Winner

Thomas Bradshaw

Photo by David Paul-Morris, care of the CUNY Archives.

Three awards from PEN and the Laura Pels International Foundation for Theater honor a Grand Master of American Theater, a mid-career playwright with an outstanding voice, and an emerging playwright who demonstrates great promise. The PEN/Laura Pels International Foundation Award for Theater Award for an Emerging American playwright awards a cash prize of $2,500 to an emerging American playwright whose work to date has demonstrated initial critical success and poses great promise of further dramatic achievement.

 

From the Judges’ Citation

Thomas Bradshaw’s plays provoke strong reactions. Blocking sentimentality and moral complacency at every turn, his work hits with the force of a blunt instrument, forcing us to confront our hypocrisies about race, sex, and religion. His characters–who live in a state of moral chaos that we are asked to alternately identify with and abhor–act on pure id and say exactly what they feel. Thomas regards this as a hyper-realism that comes closer to his real-world experience than the psychological realism familiar on stages today. Seen live, Thomas’s plays are electrifying. They elicit laughter, shock, outrage, and self-examination. The judges recognize Thomas’s bold and distinctive voice.

Judges 

Oskar Eustis has served as the Artistic Director of The Public Theater since 2005, after serving as the Artistic Director at Trinity Repertory Company in Providence, RI from 1994 to 2005. Throughout his career, Eustis has been dedicated to the development of new work that speaks to the great issues of our time, and has worked with countless artists in pursuit of that aim, from Tony Kushner and Suzan-Lori Parks to David Henry Hwang and Lin-Manual Miranda. He is currently a Professor of Dramatic Writing and Arts and Public Policy at New York University; and has held professorships at UCLA, Middlebury College, and Brown University.

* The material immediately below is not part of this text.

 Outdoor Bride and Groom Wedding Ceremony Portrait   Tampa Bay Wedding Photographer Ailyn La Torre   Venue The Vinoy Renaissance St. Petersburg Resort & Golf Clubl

Michael C. Hall currently stars as Thomas Newton in David Bowie and Enda Walsh’s “Lazarus” at London’s King’s Cross Theatre. Broadway:  Hedwig and the Angry Inch, The Realistic Joneses, Chicago, Cabaret. Off-Broadway:  Lazarus, Mr. Marmalade, Cymbeline, Macbeth, Timon of Athens, Henry V, The English Teachers, Corpus Christi, Romeo and Juliet, R Shoman, Skylight. Television:  “Dexter,“ “Six Feet Under.” Film:  Cold in July, Kill Your Darlings, Christine (current), Felt (forthcoming).

Young Jean Lee has written and directed ten shows in New York with Young Jean Lee’s Theater Company, and toured her work to over thirty cities around the world. She is the recipient of a Guggenheim Fellowship, two OBIE Awards, a Doris Duke Performing Artist Award, a Prize in Literature from the American Academy of Arts and Letters, and a PEN Literary Award. Her short film Here Come the Girls was presented at The Locarno International Film Festival, Sundance Film Festival, and BAMcinemaFest.